Бергсон, возражая Аристотелю, который различал виды движений «как физик, а не как геометр» и считал, что тела стремятся к их «естественному месту», что движение составляет единое целое с местом, принимает современные ему представления о движении и пространстве: «Мы… полагаем, что движение не связано с природой вещей, но добавляется к телу, как внешний элемент. Из этого следует, что разные виды движения, как нам кажется, различаются между собой не столько по своему, скажем так, физическому оттенку, сколько по математическому принципу. Мы, стало быть, связываем наше однородное пространство с геометрическим понятием движения»[127]. Бергсон придерживается здесь кантовской теории пространства как априорной формы чувственности, которой свойственно особое, математическое, т. е. идеальное существование. Он согласен с Кантом в том, что именно такое понимание пространства позволяет решить и апории Зенона, и те антиномии, которые Кант проанализировал в «Критике чистого разума». Аристотелевская критика пространственного реализма не устраивает Бергсона, ему важно показать, что идея пустого и однородного пространства, составляющего условие движения и рядоположения тел, имеет определенное основание, пусть не физическое, а идеальное, математическое. Почему для него это было важно, выяснится немного позже, при анализе «Опыта о непосредственных данных сознания».

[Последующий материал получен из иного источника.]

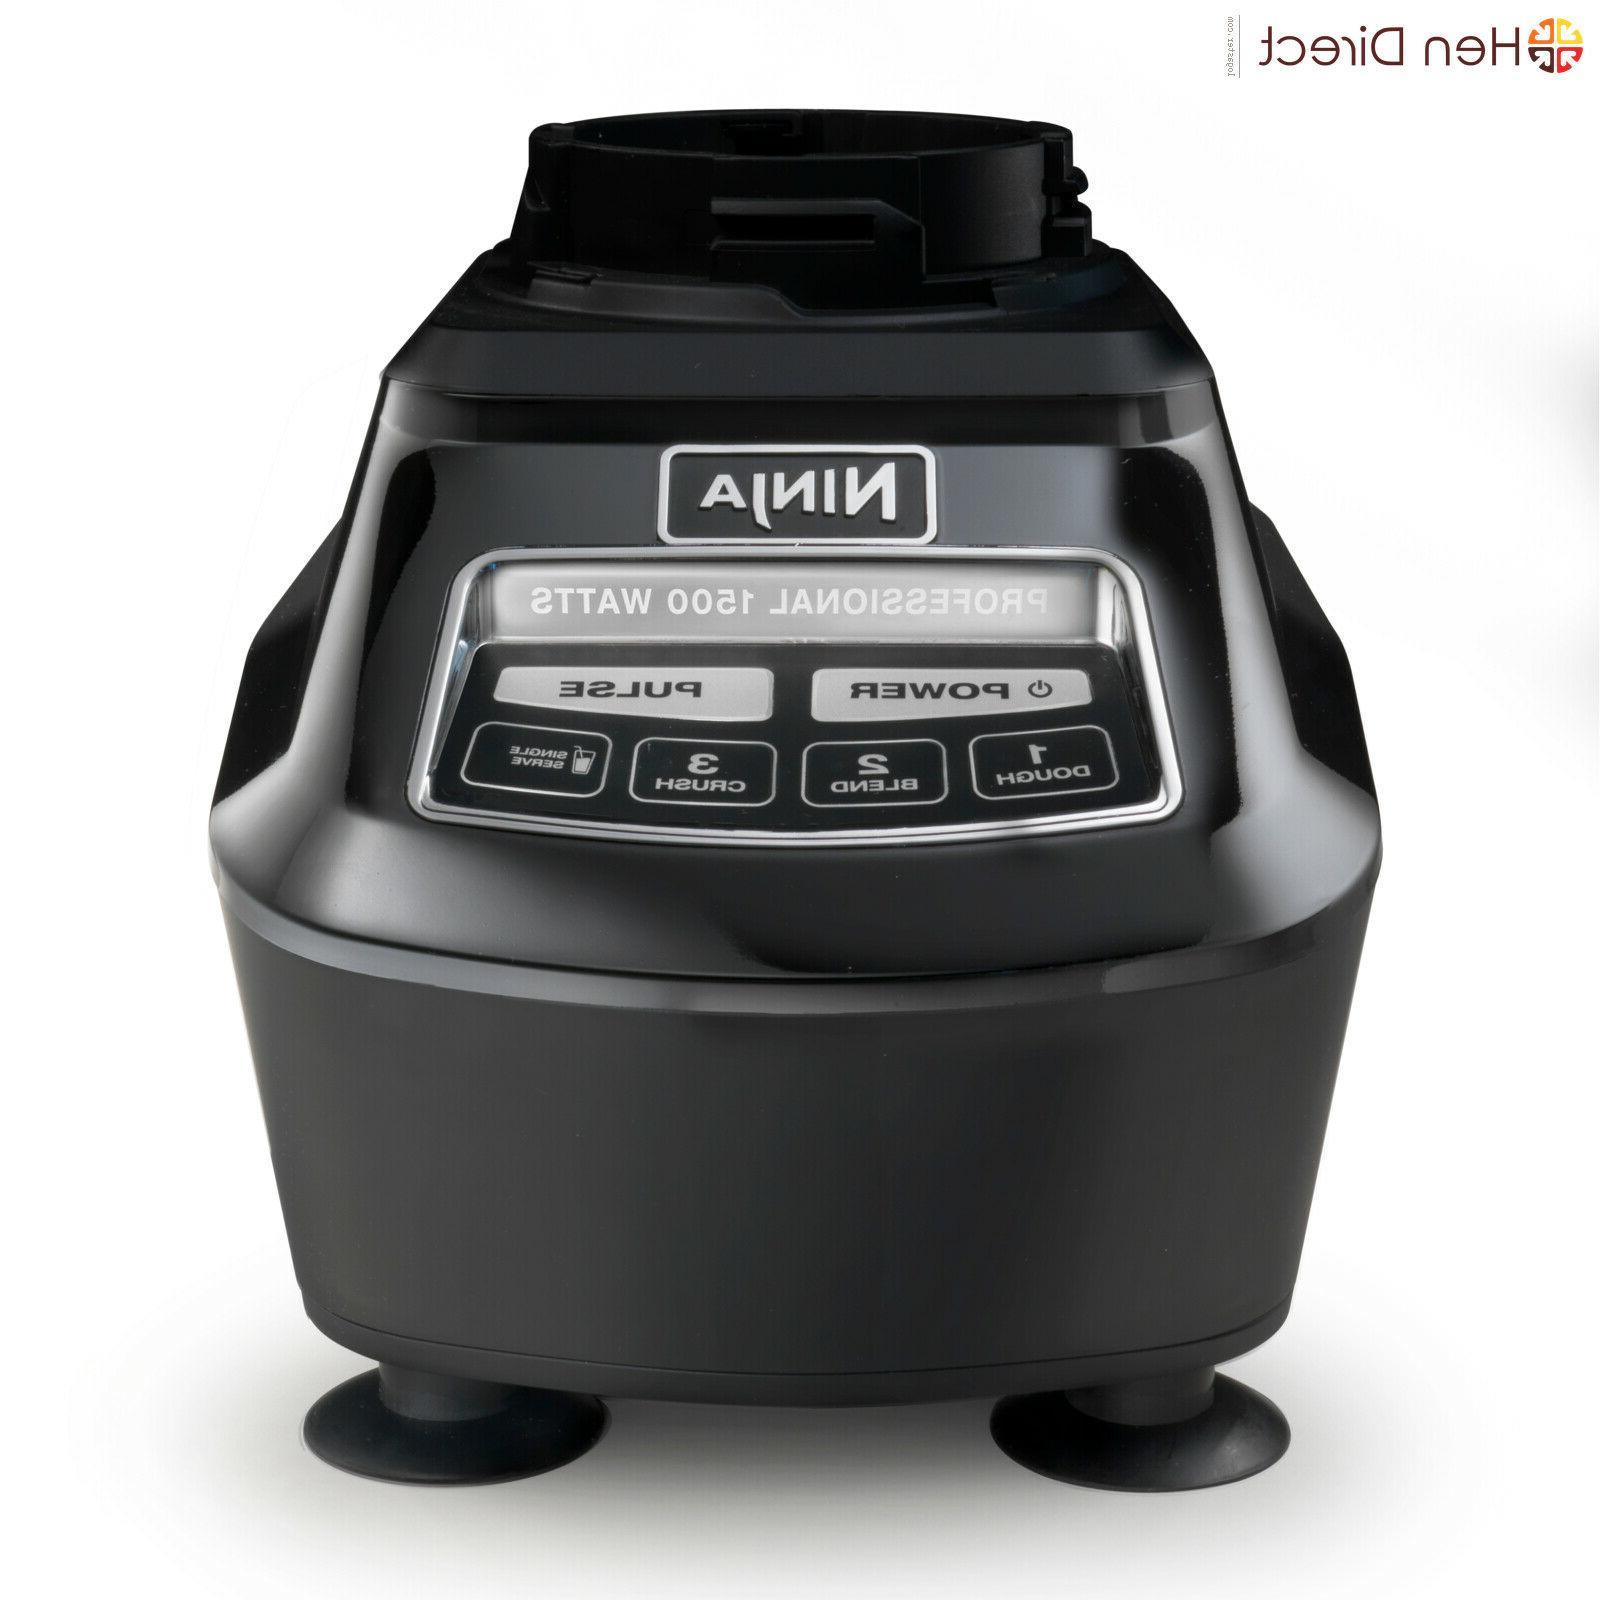 Smoothie Blender Mega Kitchen System Crush with Ease
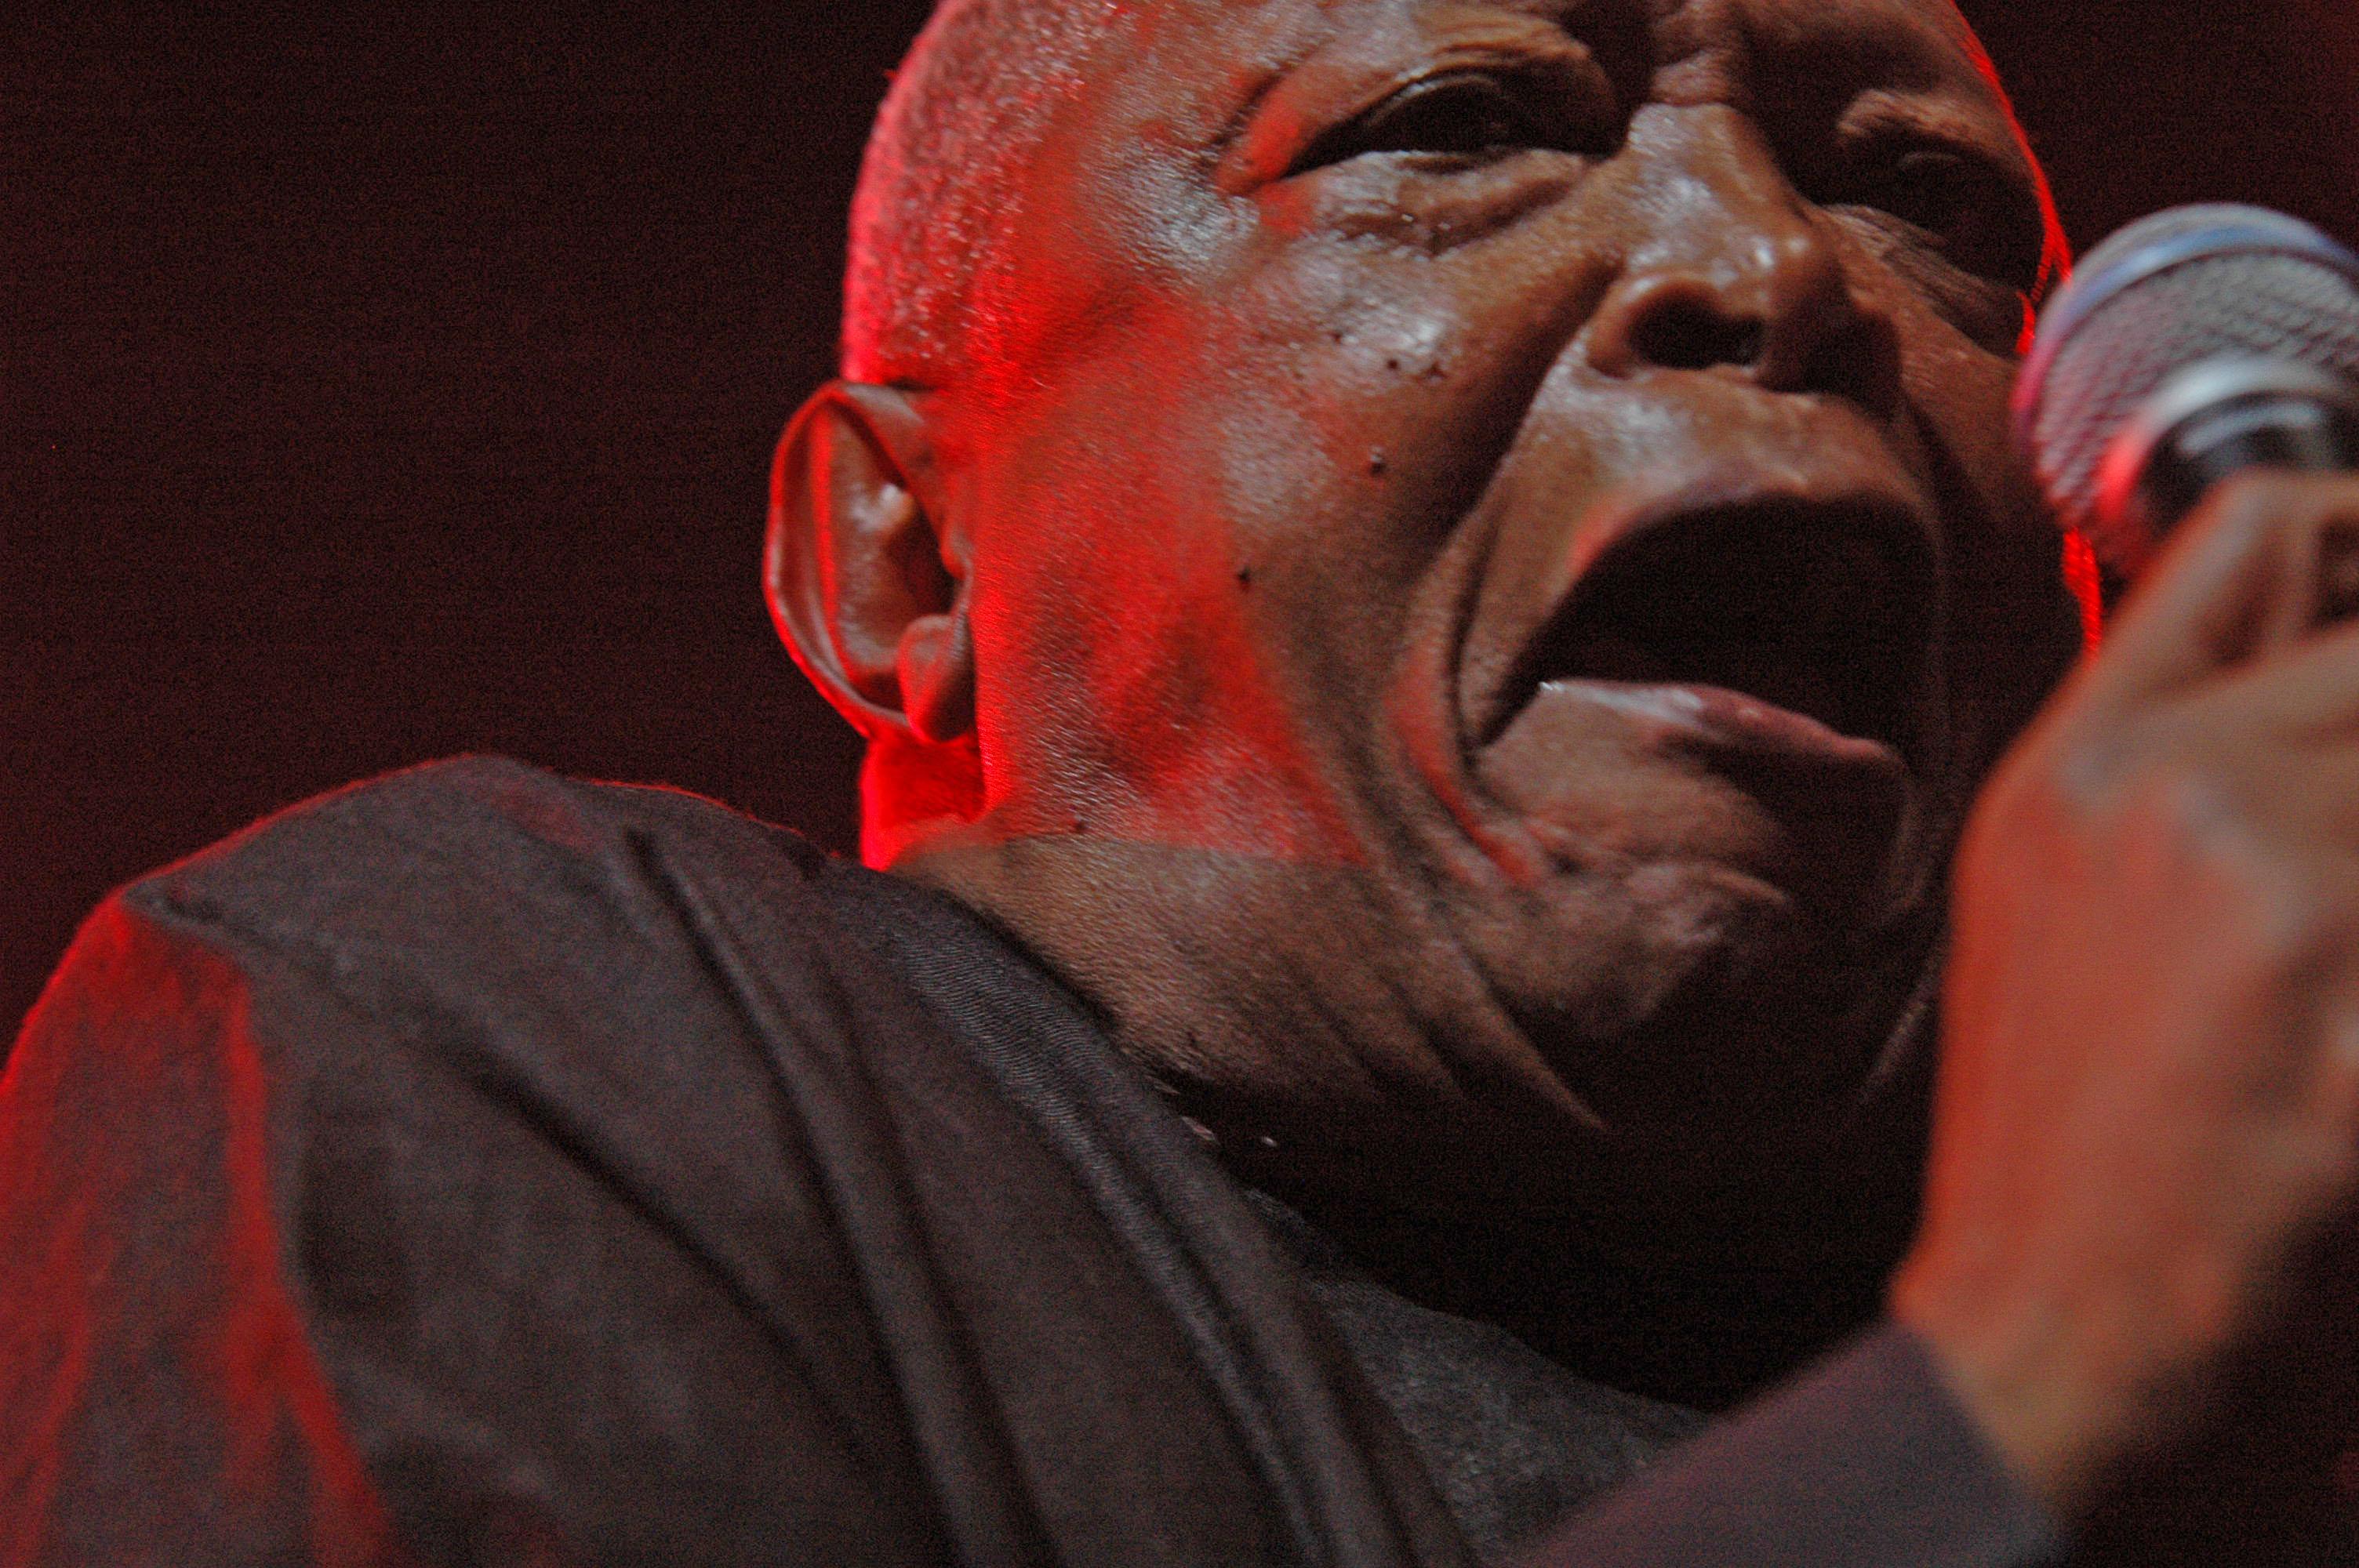 Hugh Masekela, Cape Town Jazz Festival 2012

Любопытно, что в латинской диссертации Бергсон рассматривает только те главы 4‑й книги «Физики», которые посвящены проблемам пространства. Но начиная с 10‑й главы Аристотель переходит к тому, что больше всего интересовало Бергсона, – к проблеме времени. Однако эта часть книги остается за пределами внимания Бергсона. В «Идее места» он, возражая Аристотелю, формулирует некоторые существенные для него суждения относительно пространства, на которые будет опираться и в основной диссертации. А проблему времени он рассмотрит в «Опыте», и здесь уже его точка зрения окажется отличной от кантовской. Но, как можно предположить, именно размышления об аристотелевской теории места, связанной с континуальными представлениями, сделали для него очевидной необходимость пересмотра самой трактовки непрерывности применительно ко времени.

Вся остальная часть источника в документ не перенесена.